The Anomaly

The Anomaly is directed by Noel Clarke who also occupies the leading role of Ryan Reeve, a traumatised ex soldier whose last lucid memory is of being in rehab receiving treatment for post traumatic stress. However the beginning of the film finds him in the back of a van with a shackled, kidnapped and extremely distressed child who claims that his mother has been killed by assassins in red masks who broke into their home and after killing her threw him into the back of the van. Ryan is even more confused and disorientated than the child and has literally moments to decide on his next course of action as it could be the one to save both of their lives.
It is an interesting start to the film and in many ways it is unfortunate that the film never retains this momentum as it thereafter tries to be so many other films-Minority Report, Sourcecode and Inception and their ilk all course through the DNA of this production- and even though it manages to borrow from some of the best in the sci fi/thriller genre it never quite reaches those lofty peaks itself.
Part of the problem with this production is that it tries to incorporate effects which seem to fall short of the desired effect and this slows it down somewhat. The fight sequences try to conjure up an otherworldly feeling but end up looking like lame CGI attempts which seem rather pointless.
Clarke is exemplary throughout though and in this he is ably supported by Ian Somerhalder, Alexis Knapp, Luke Hemsworth and even Brian Cox makes an appearance towards the end of the film. Unfortunately Niall Greig Fulton’s mad, bad Russian scientist is straight out of drama school and didn’t graduate with honours.
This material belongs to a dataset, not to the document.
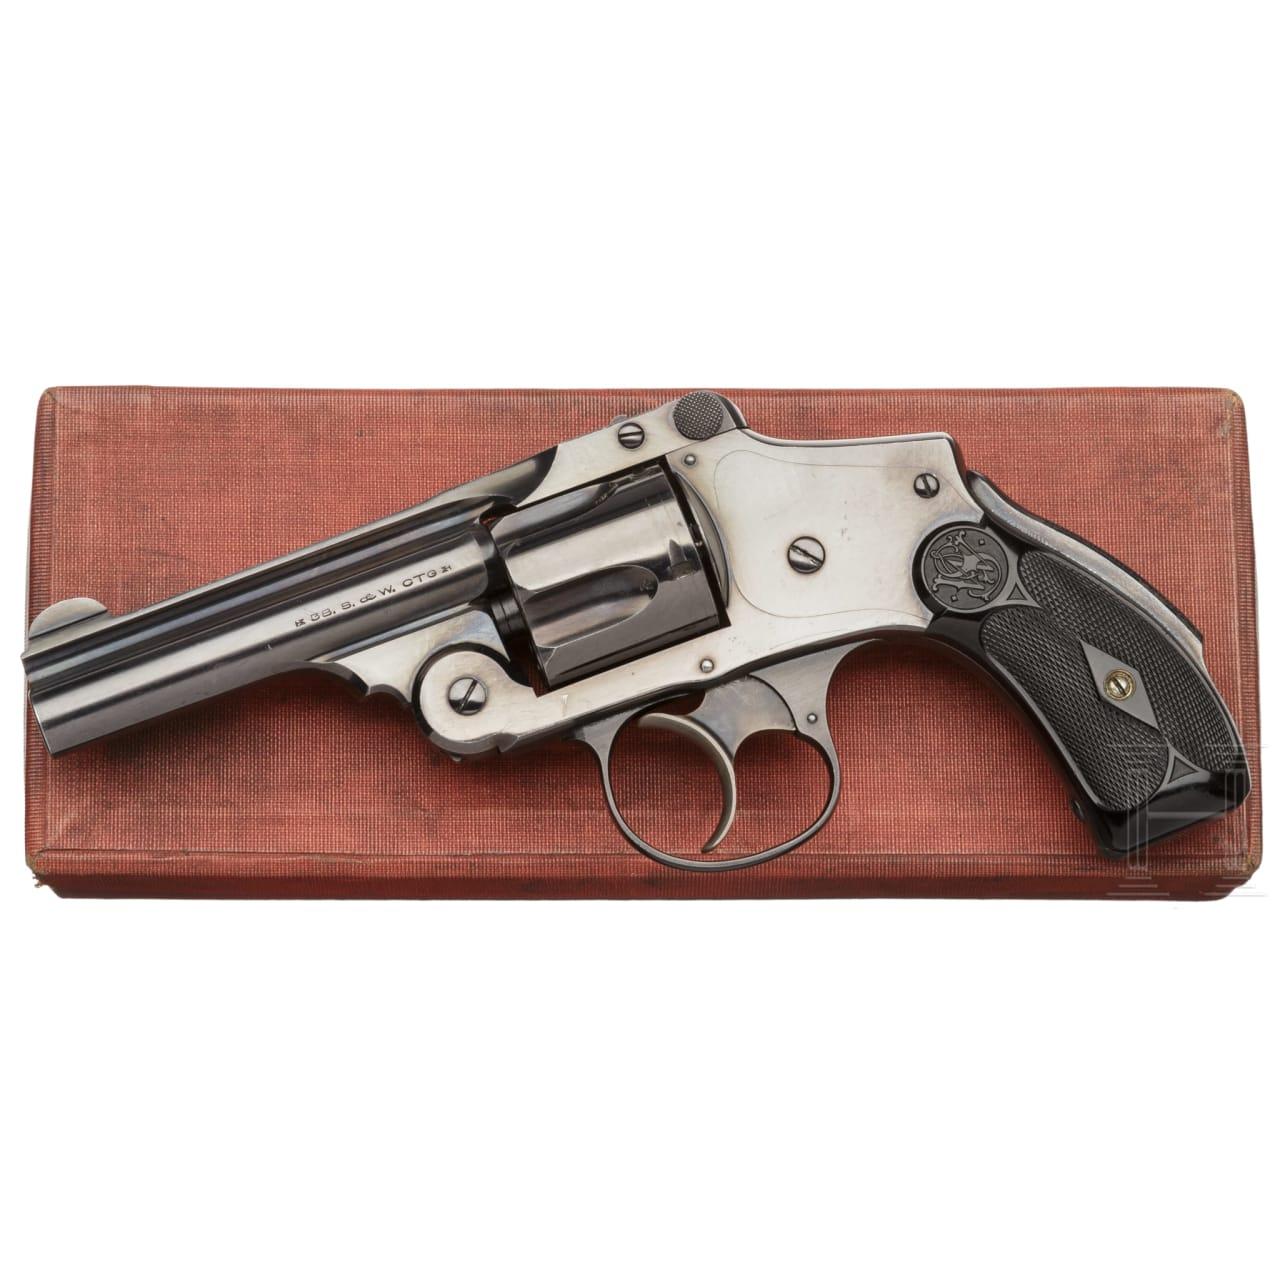 Smith & Wesson .38 Safety Hammerless 5th Model, im Karton

The actual premise of the film is good however and even if the effects don’t quite hit the mark many other parts of the film do and its youthful exuberance and desire to try to make a credible science fiction film without the big budget such a production usually requires is admirable in itself. However despite this it never quite feels like it deserves the habitat of the big screen and would perhaps be better suited to a television experience or possibly even a series. Unfortunately in many ways it seems it feels this way about itself as it lacks that vital spark to draw you wholly into its world.